**Exercise aim**
Skip the pictures and give back the rest of the listing exactly.

**Dataset excerpt**
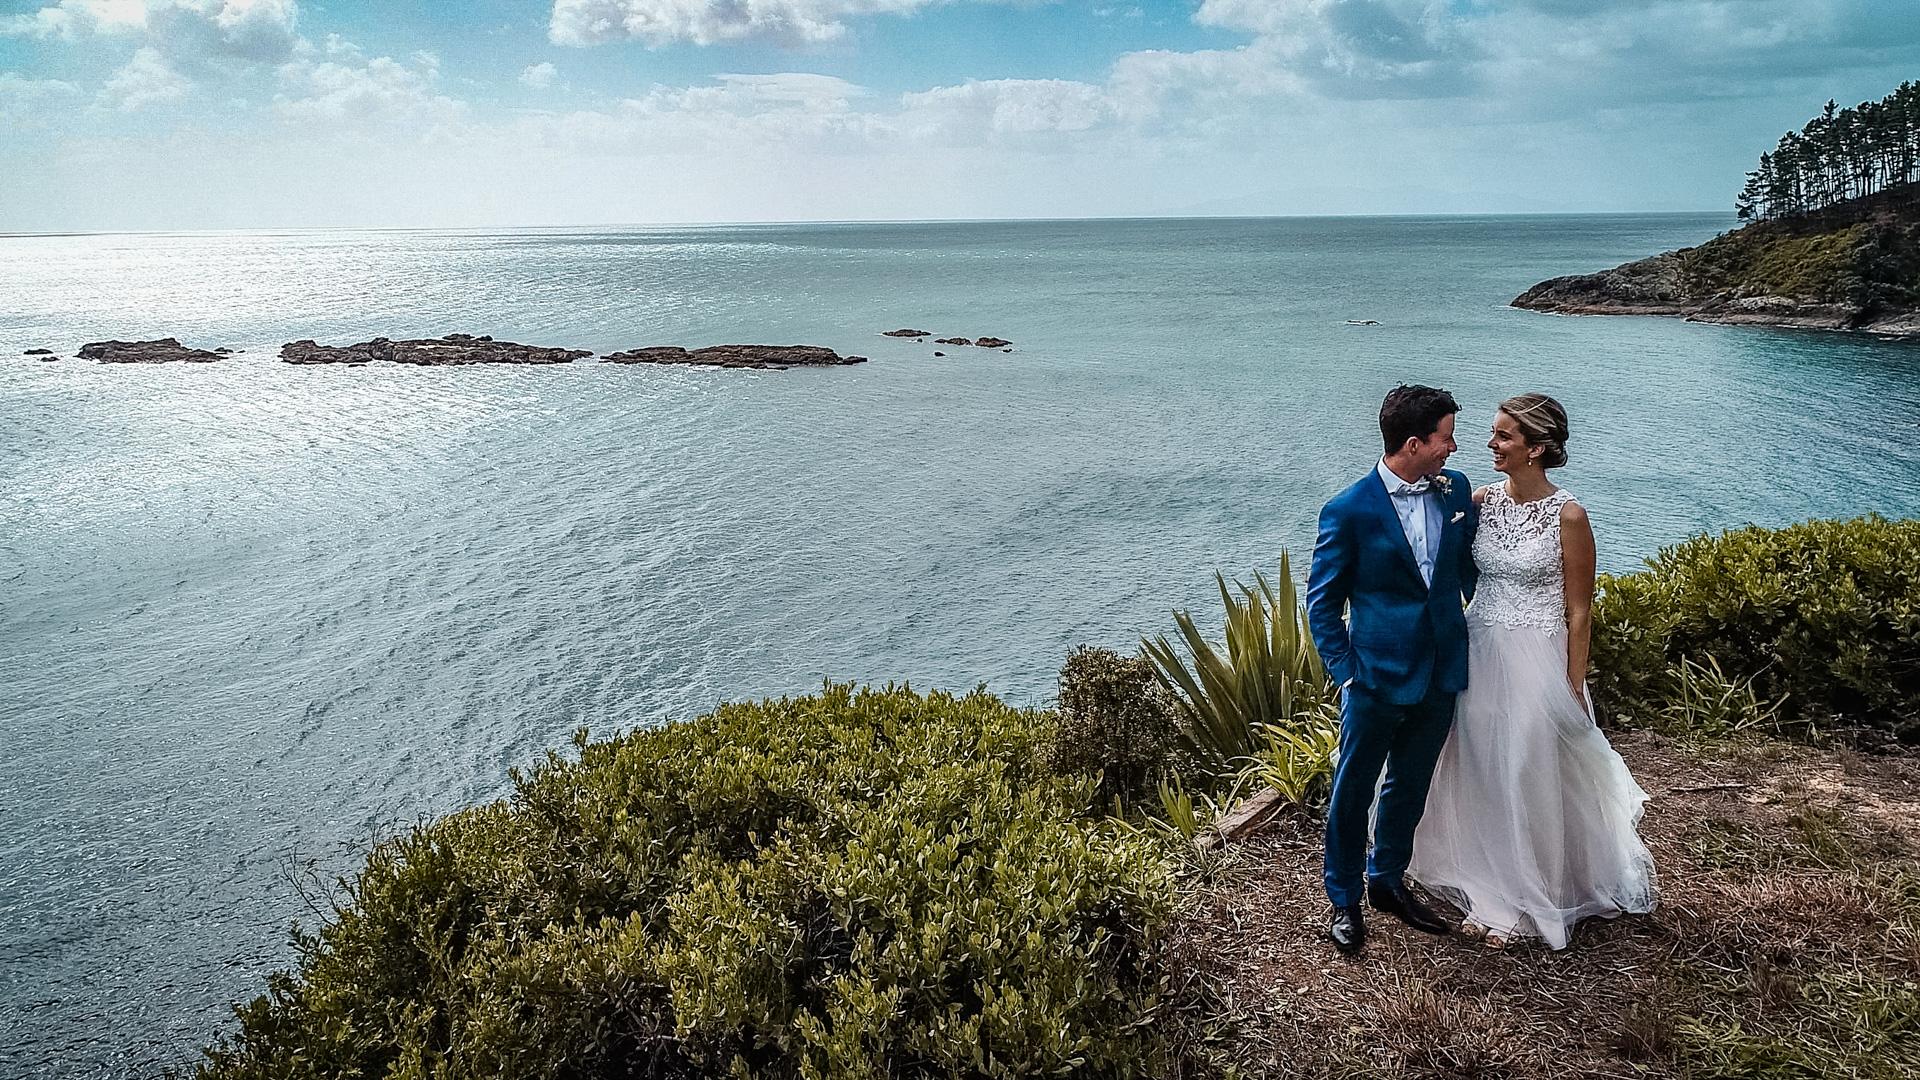 Jacqui & Mike - Waiheke Island
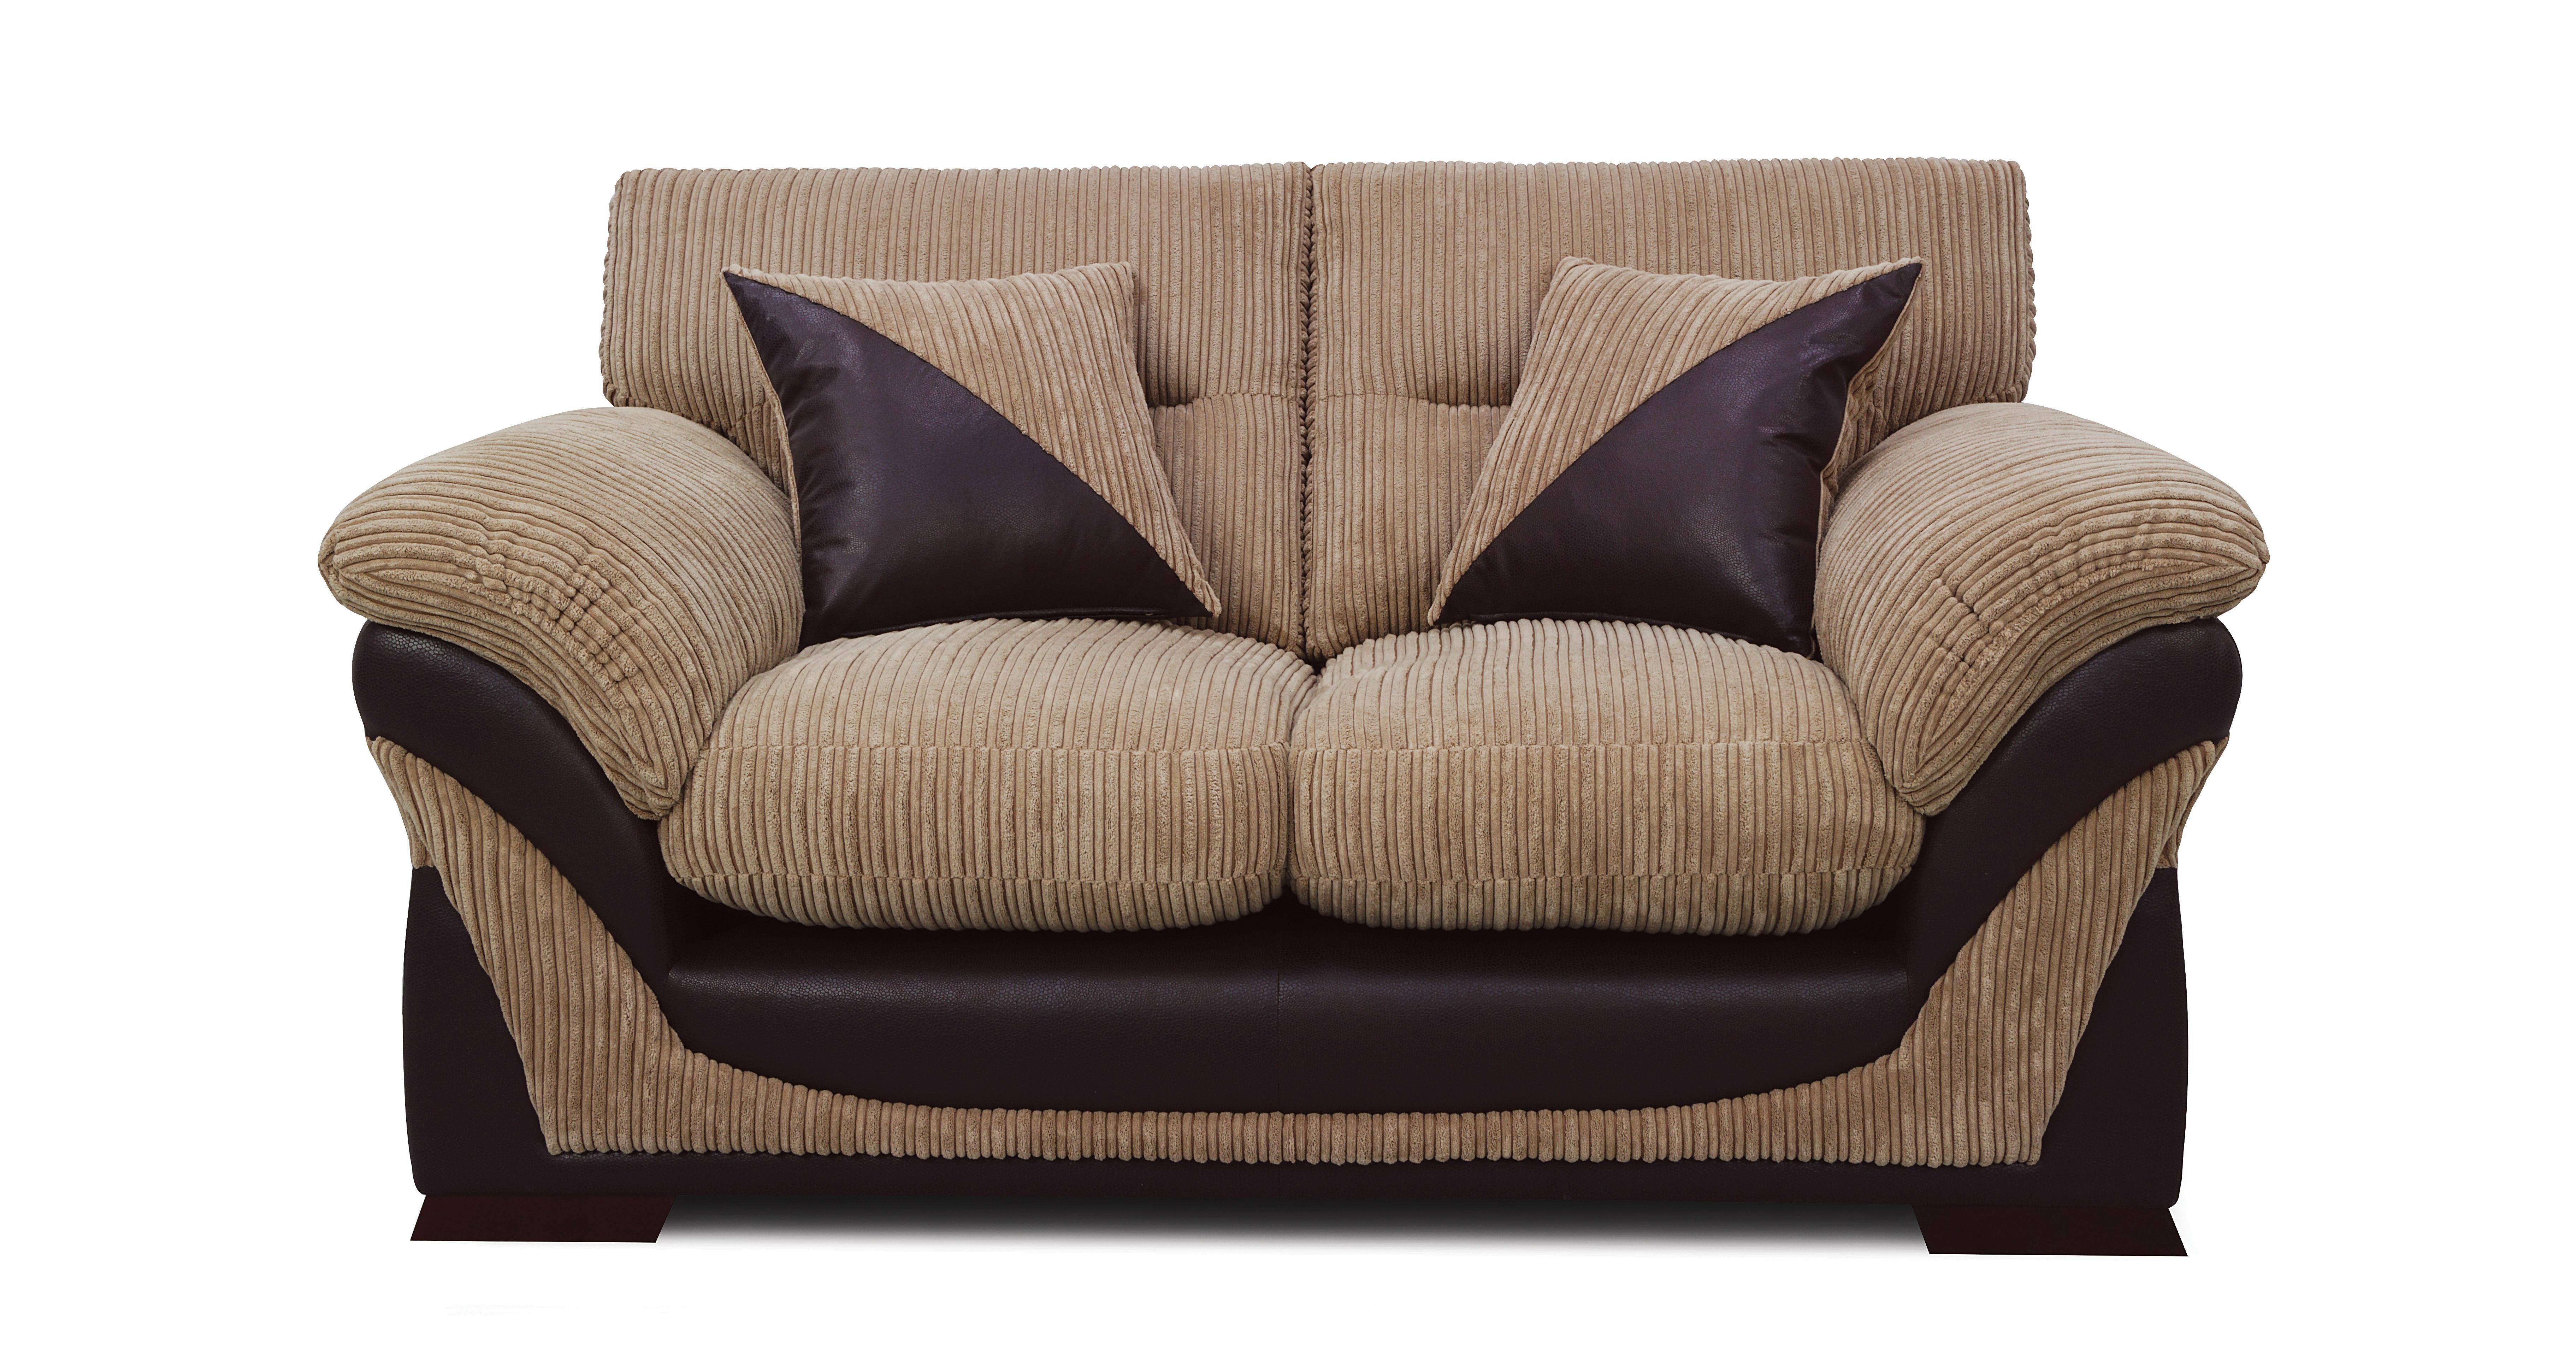 Telford Small 2 Seater Sofa Samson | DFS
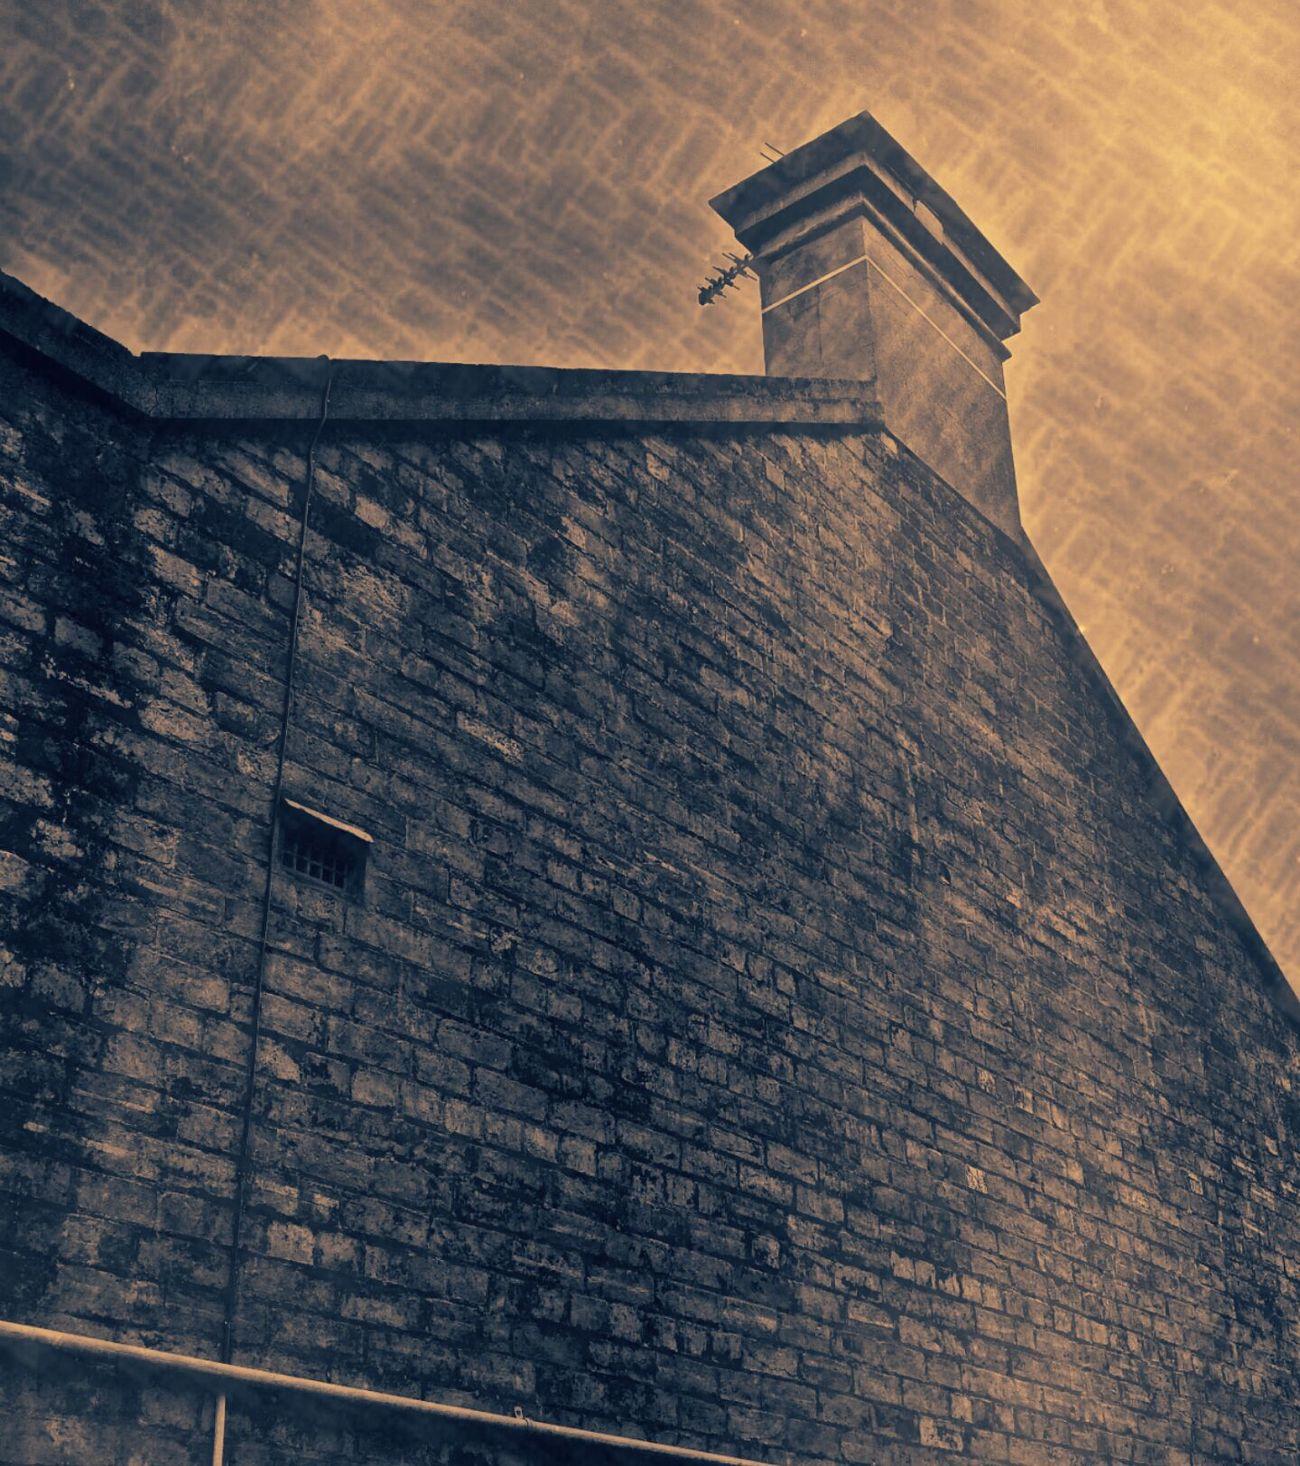 BuildingPorn Brickporn Architecture Carlton Lanewaysofmelbourne EyeEm Best Shots Picoftheday

**Answer to this exercise**
 Jacqui & Mike - Waiheke Island
 Telford Small 2 Seater Sofa Samson | DFS
 BuildingPorn Brickporn Architecture Carlton Lanewaysofmelbourne EyeEm Best Shots Picoftheday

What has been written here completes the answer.